A verbatim reproduction of the lines below, from the line containing "Imagen de dos" through the line containing "Gebrauchsanleitung_EXOS_Polax_10200-REV-H-2021-03-01.pdf", both ends included, is the whole required output.

▶ **Information supplied**
Content starts
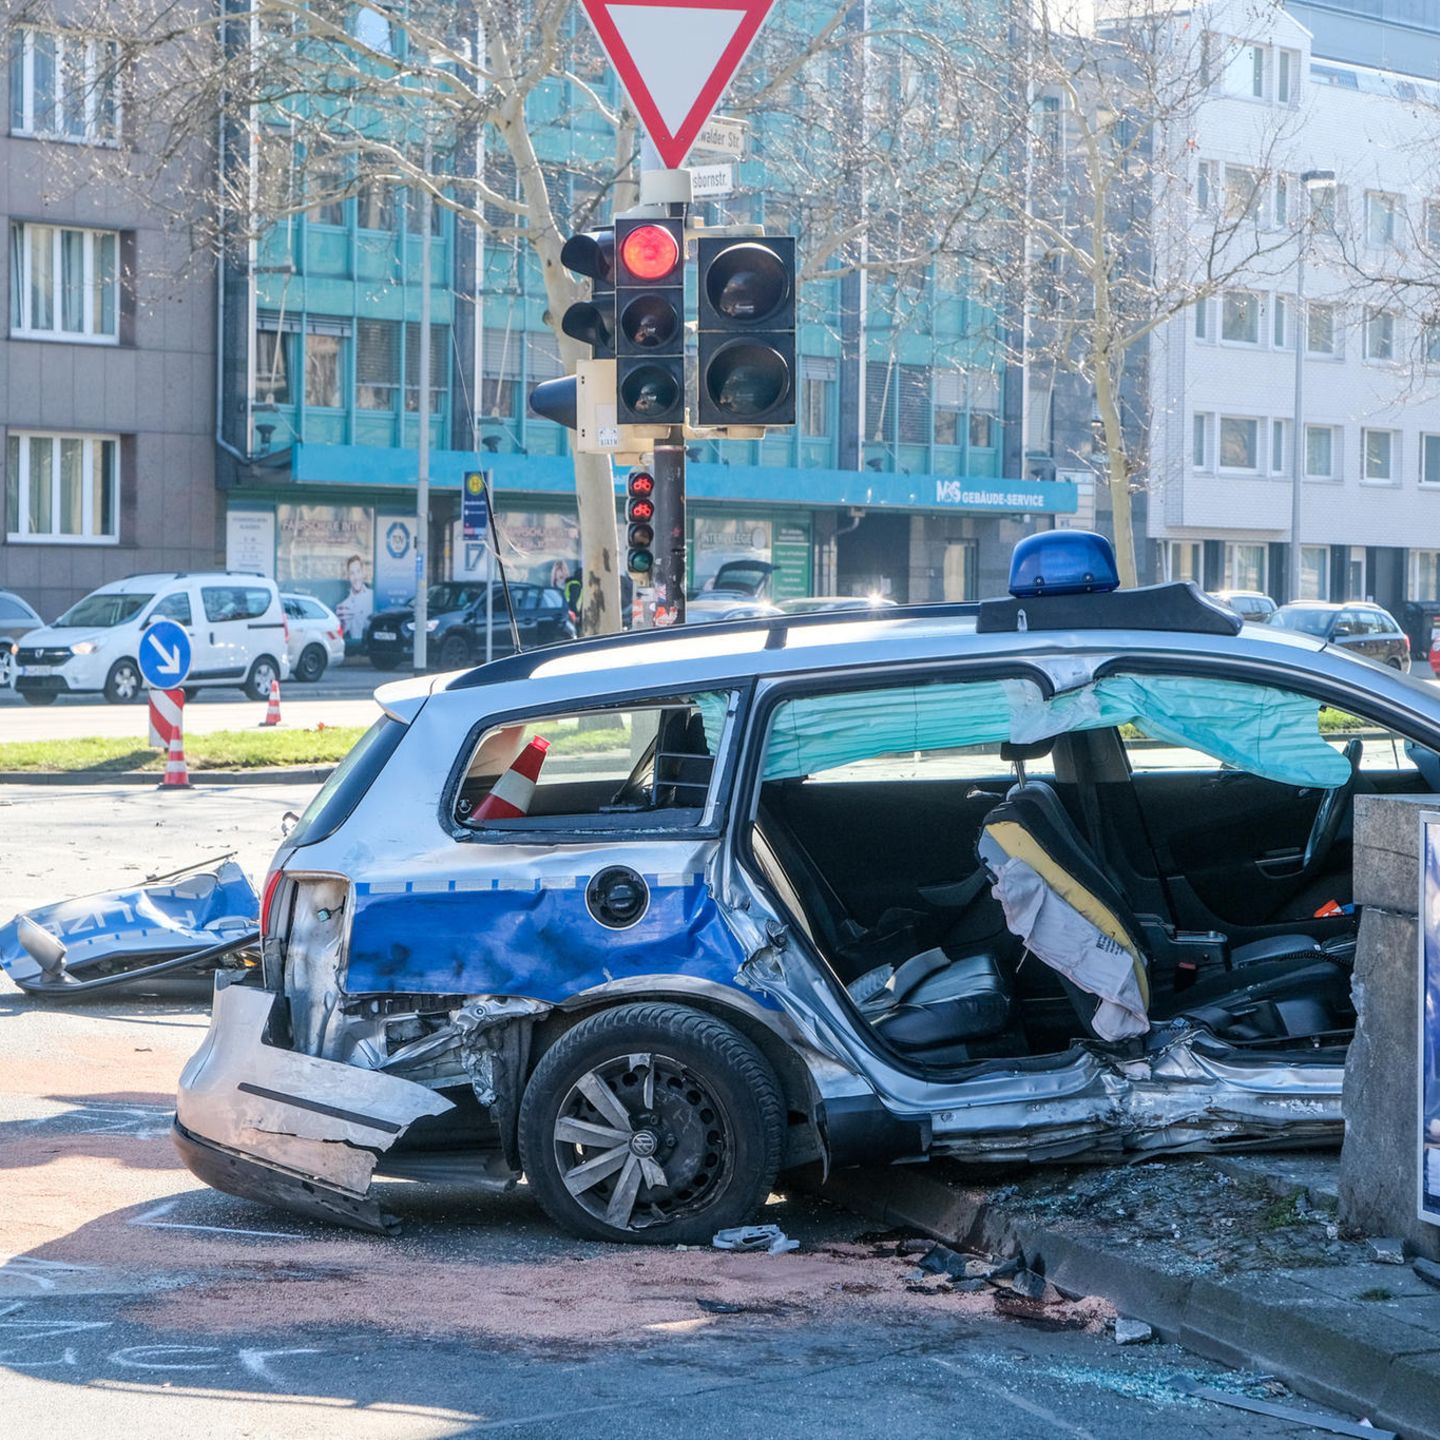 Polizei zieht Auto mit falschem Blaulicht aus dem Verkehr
Content ends
Content starts
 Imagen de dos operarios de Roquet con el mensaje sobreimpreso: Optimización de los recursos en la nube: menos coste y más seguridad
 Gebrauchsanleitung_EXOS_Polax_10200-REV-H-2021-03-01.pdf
Content ends
Content starts
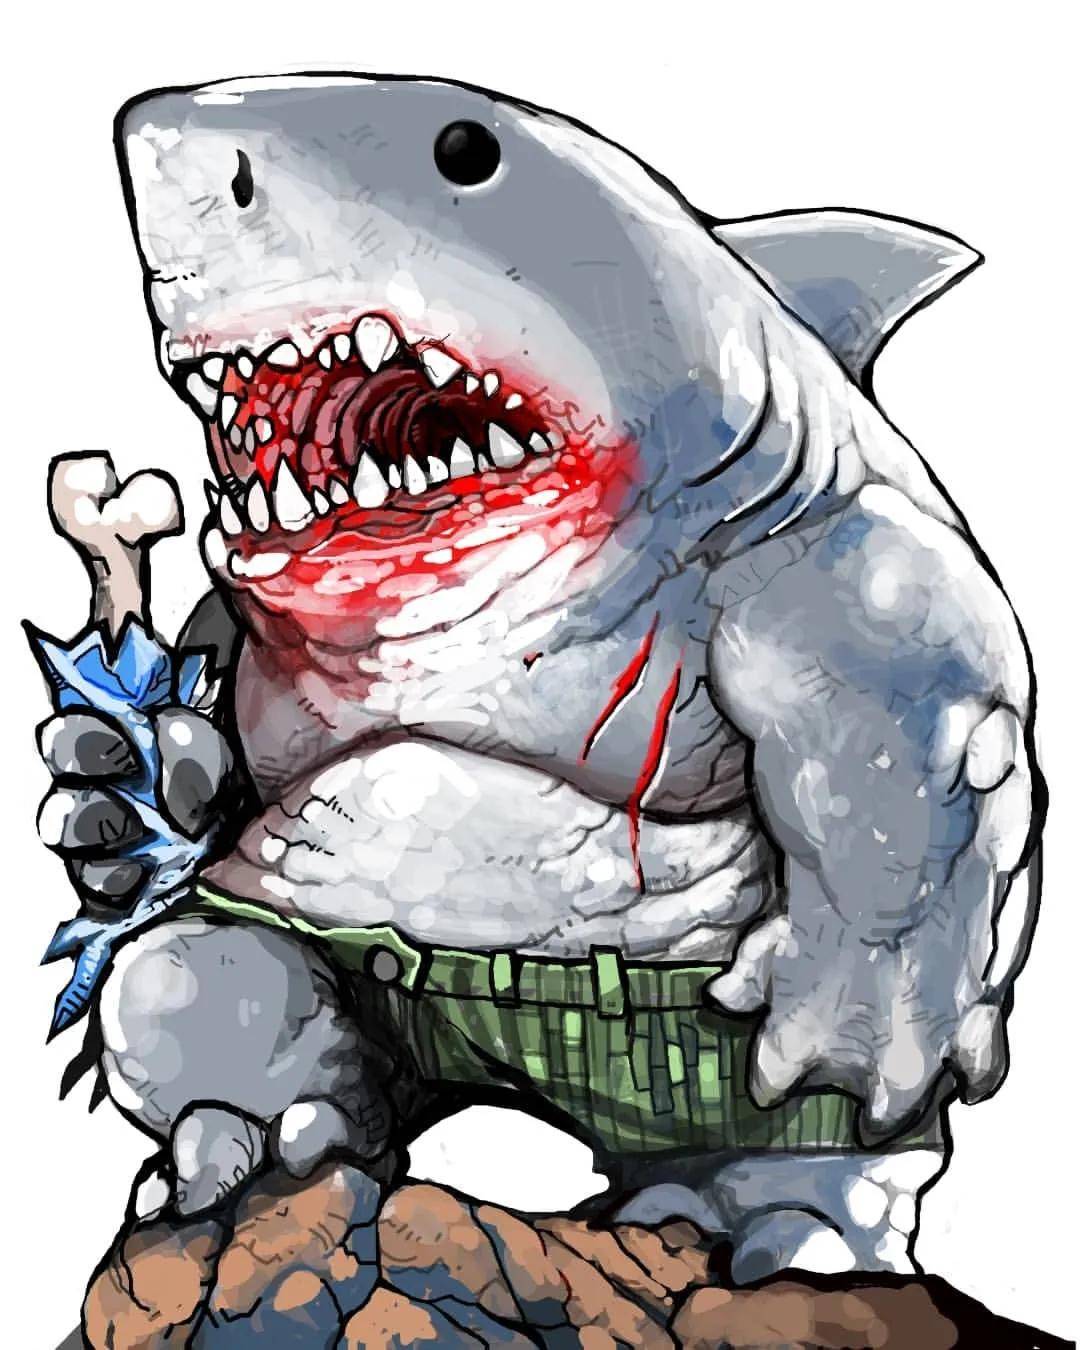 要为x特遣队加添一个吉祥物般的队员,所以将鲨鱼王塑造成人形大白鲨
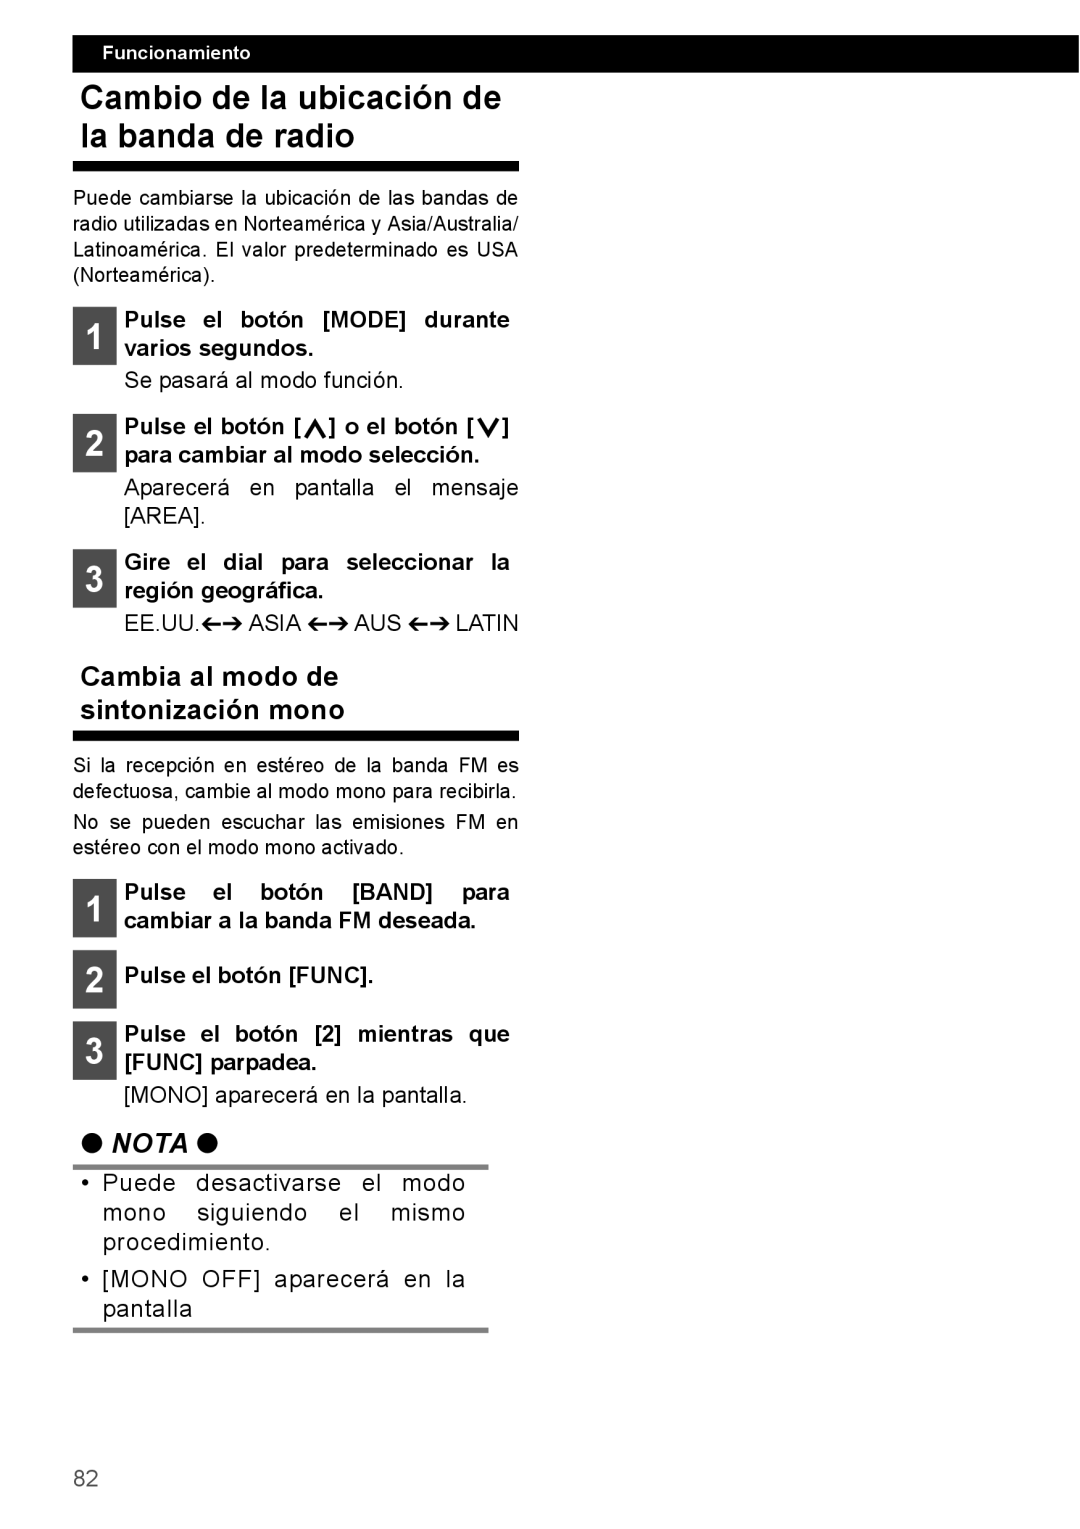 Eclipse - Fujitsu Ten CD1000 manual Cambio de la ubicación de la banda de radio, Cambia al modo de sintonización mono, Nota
Content ends
▶ **Result of the task**
 Imagen de dos operarios de Roquet con el mensaje sobreimpreso: Optimización de los recursos en la nube: menos coste y más seguridad
 Gebrauchsanleitung_EXOS_Polax_10200-REV-H-2021-03-01.pdf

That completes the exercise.